NATIONAL EDUCATION.-CORRESPONDENCE BETWEEN THE LORD

BISHOP OF MEATH AND THE GOVERNMENT.

(From the Irish Ecclesiastical Journal.) [The following correspondence between the Lord Bishop of Meath and Sir James Graham, forms the Appendix to a Report on the subject of the National System of Education in Ireland, drawn up by the Archdeacon of Meath, and which has been, or shortly will be published. The Editor begs to acknowledge the kindness of the Archdeacon of Meath in favouring him with an early copy].

Ardbraccan, Navan, Jan. 2, 1845. SIR,—The question of National Education is at present engaging the anxious attention of the public, and particularly of the established church in Ireland ; and I am aware that it has also been frequently under the consideration of her Majesty's ministers. The great majority of the clergy have been hitherto opposed to the government system; it is of great importance that they should be reconciled to it, and that a final settlement should be made, by which they may be enabled to co-operate in so desirable a work.

I consider it my duty, as a bishop of an Irish diocese, to lend my assistance in the attainment of so desirable an object; I therefore take the liberty of addressing her Majesty's ministers through you, as the home secretary of state, upon this subject, of such vital importance to the well-being of the established church, as well as of the country at large.
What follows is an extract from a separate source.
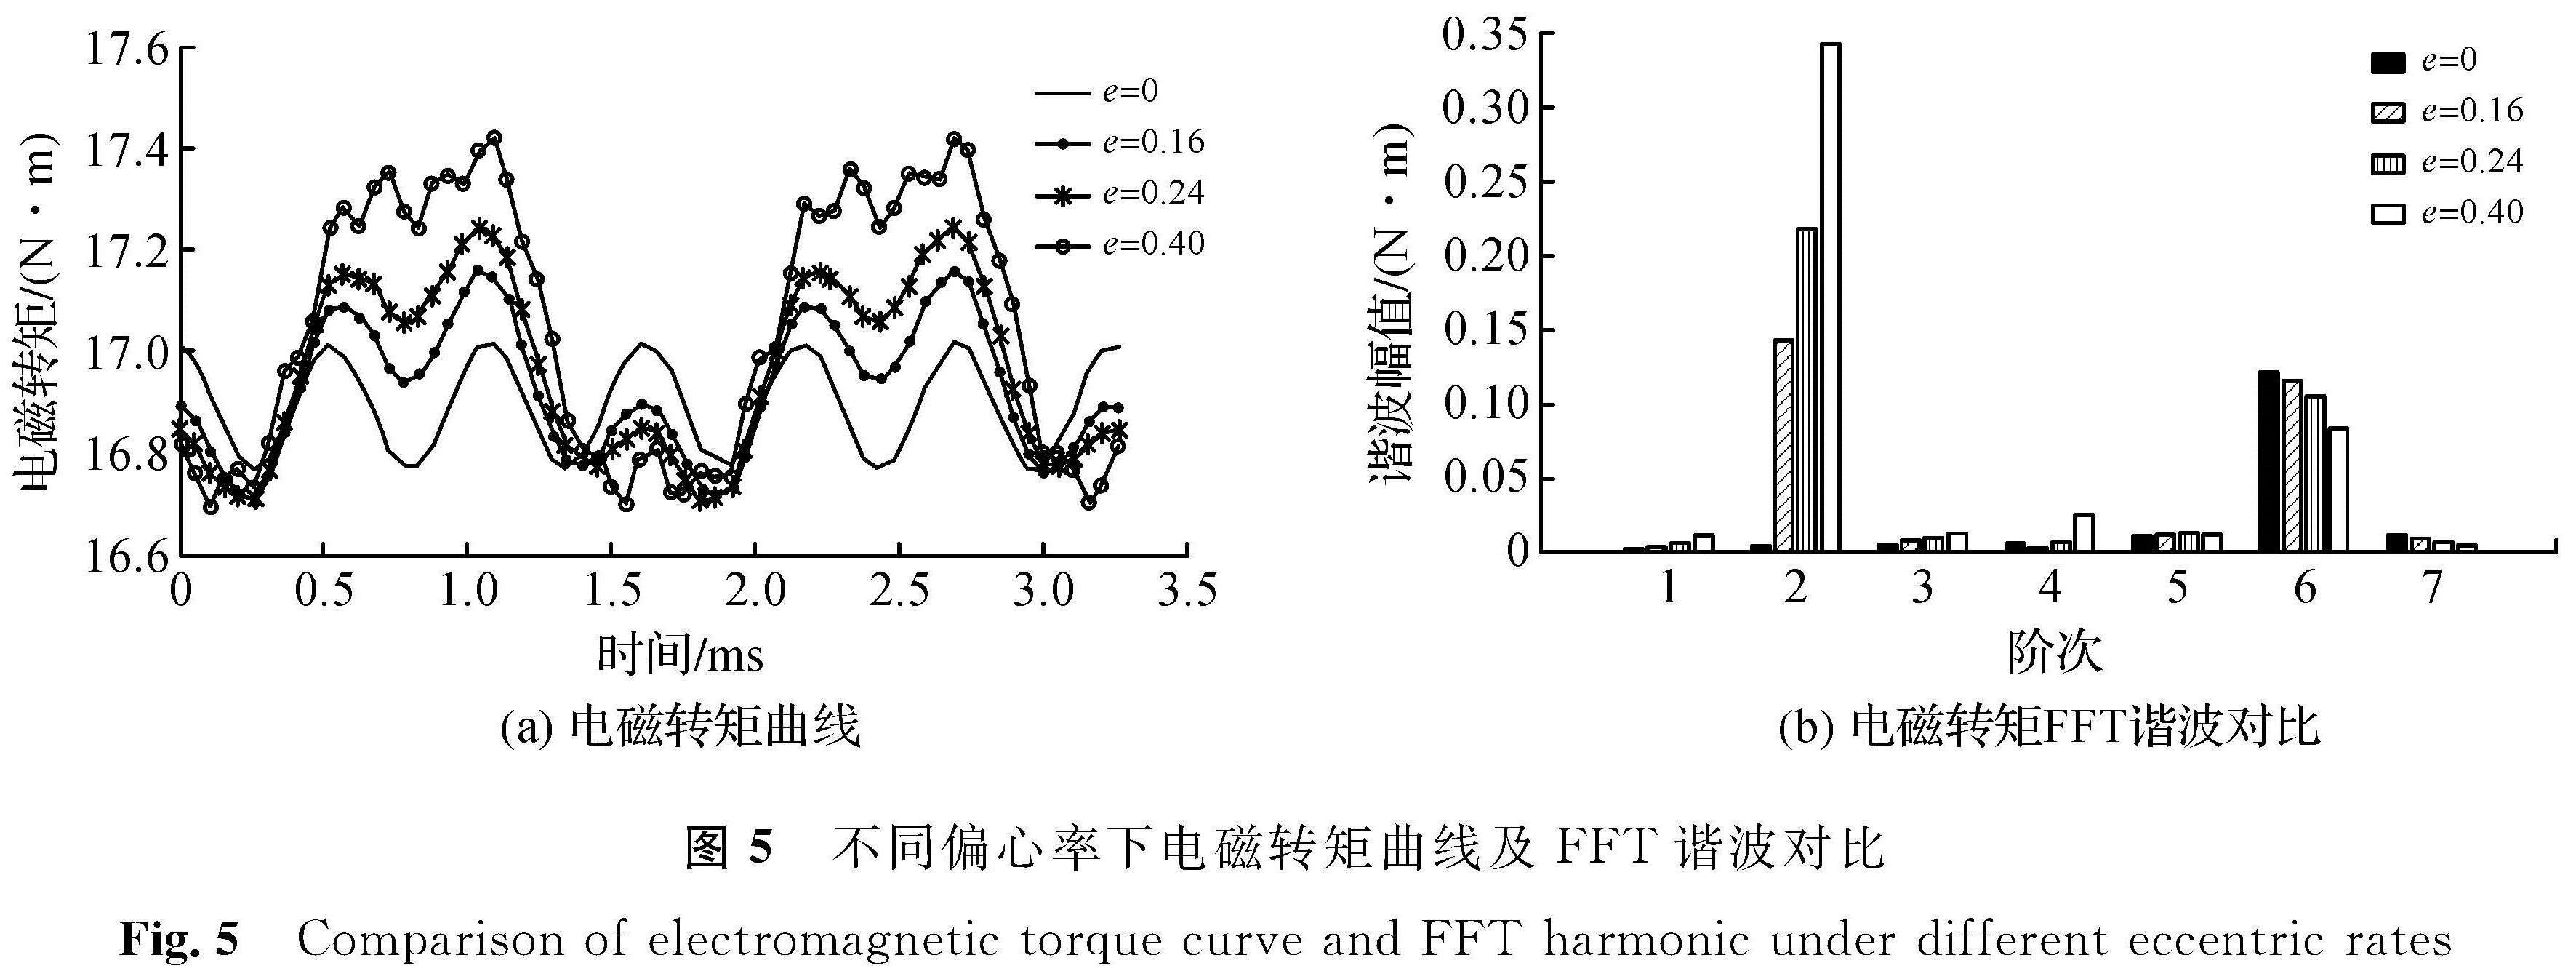 图5 不同偏心率下电磁转矩曲线及FFT谐波对比<br/>Fig.5 Comparison of electromagnetic torque curve and FFT harmonic under different eccentric rates

When the intention of establishing a national system of education, by parliamentary grants, was first announced, and ever since, I have uniformly advised that the clergy of the church in Ireland should endeavour to make such an arrangement with government as would render their exertions available for the work. But I had no influence, and my opinion had no weight against the great majority. I knew, however, the pure motives by which they were guided; having witnessed the exemplary patience with which they endured privation and persecution, the withholding and subsequent reduction of their incomes. I respected their conscientious opinions upon the education question, although I was obliged to dissent from them. Differing both from the government and from the clergy, and failing in my feeble and unaided attempt to bring them to an agreement, I kept aloof from the discussion of the question, of the progress of which I have continued an attentive and impartial observer. I foresaw objections to the establishment of one uniform system; I wished to see the appointment of a board, such as has since been formed in England,

which might give aid to schools on different plans, neither compelling those who could not, or would not, consent to read the scriptures, to accept the highest kind of education, nor sinking those who wished for the highest to the level of those who would not advance beyond the lowest. Experience has proved that the uniform plan could not effectually work, and that it failed in promoting united education, which ought to be a primary object in any system.
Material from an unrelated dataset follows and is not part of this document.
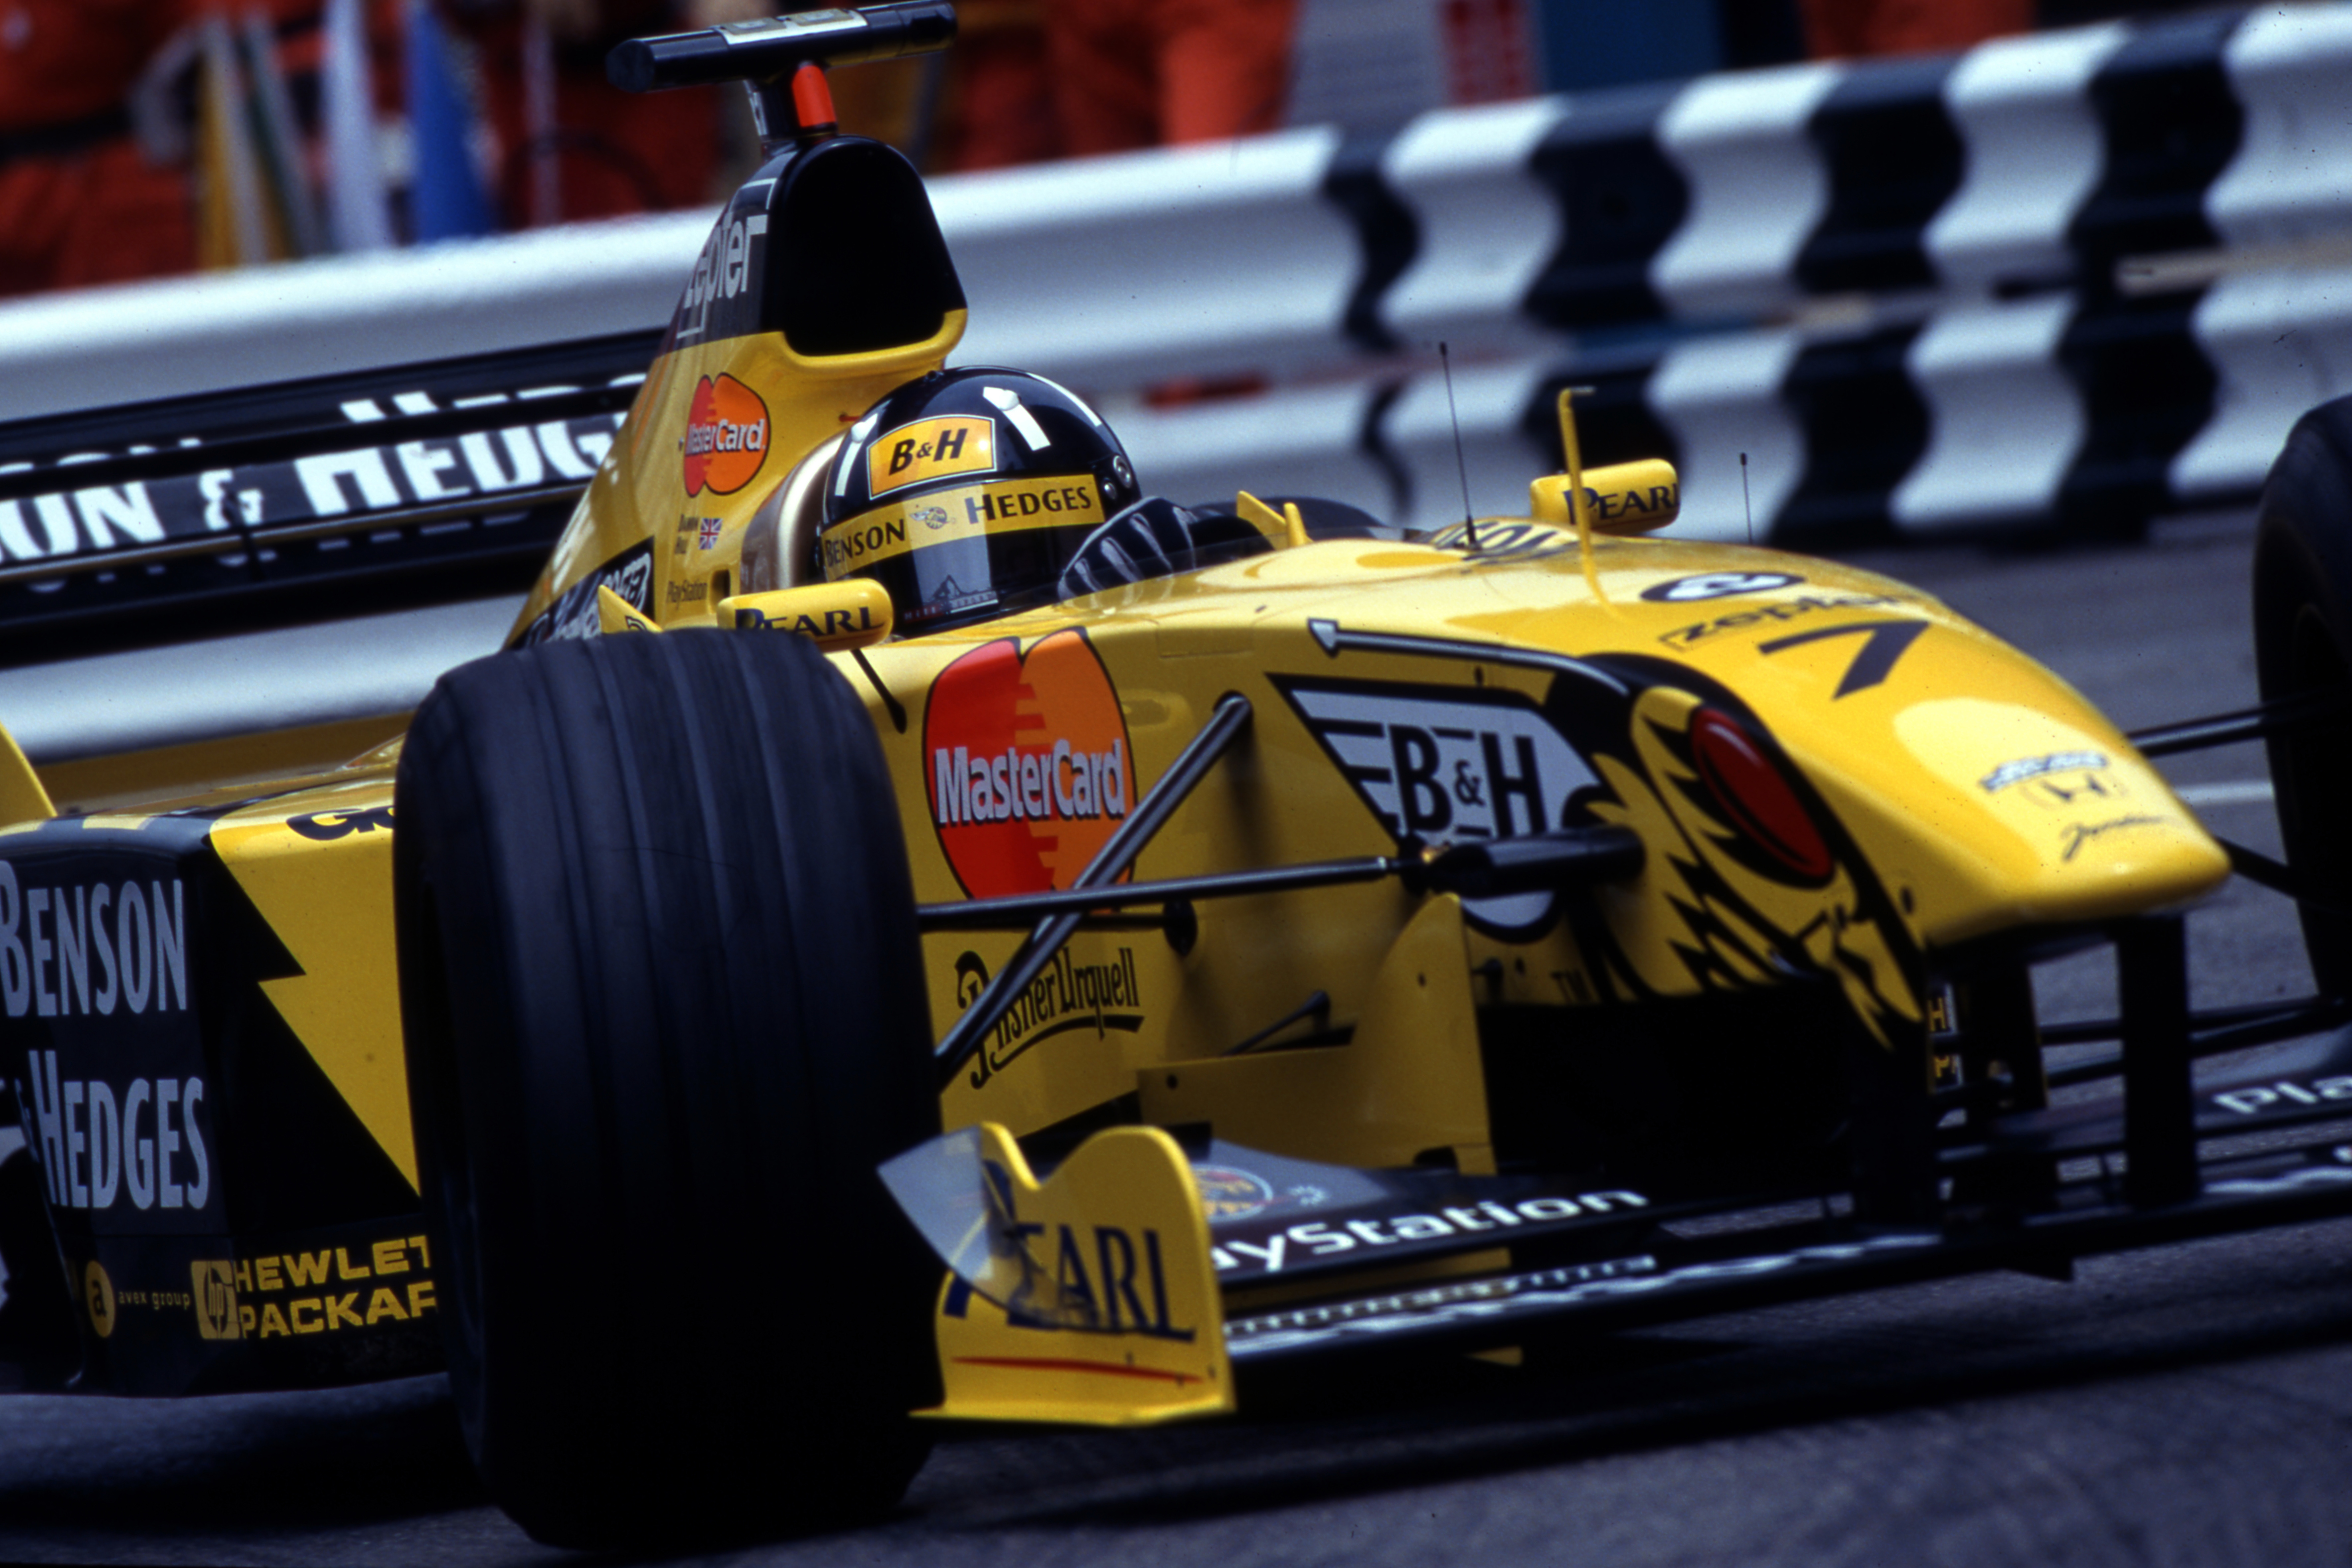 Monaco Grand Prix Monte Carlo (mc) 13 16 05 1999

I was aware of the conflicting difficulties which government had to encounter, and of the opposite principles they had to reconcile, owing to the peculiar circumstances of this country. I felt that the first step which a prudent and provident executive ought to take towards establishing the peace and prosperity of this country, as well as towards the promotion of the moral and religious improvement of its population, was to endeavour to have all the children of the lower orders educated upon the best plan, and in the best manner that might be feasible under their peculiar circumstances.
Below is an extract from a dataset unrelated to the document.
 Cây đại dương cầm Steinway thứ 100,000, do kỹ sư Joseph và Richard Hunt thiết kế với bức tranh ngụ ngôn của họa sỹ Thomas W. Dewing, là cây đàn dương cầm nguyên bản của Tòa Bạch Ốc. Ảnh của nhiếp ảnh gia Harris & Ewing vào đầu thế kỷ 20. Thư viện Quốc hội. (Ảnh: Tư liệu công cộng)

There has been, for many years past, a great desire among the lower orders, of all religious denominations for education; the pastors of a large proportion were far from anxious that the children of their flocks should be edu. cated at all, but they found it impossible to resist their ardent desire. Their next object was to prevent their reading the scriptures ; for the attainment of which object they exerted the whole power of their influence and authority. Government considered it necessary to make concessions upon this point, in order to their effectualizing their primary purpose, but in doing so, they met with another difficulty, and an opposing principle; they ran a risk of alienating the great body of the Protestants, who considered scriptural instruction the necessary basis of national education ; and in endeavouring to reconcile these opposing principles they met with another difficulty, the danger of counteracting another primary object of national education, the union of children of different persuasions in the same schools.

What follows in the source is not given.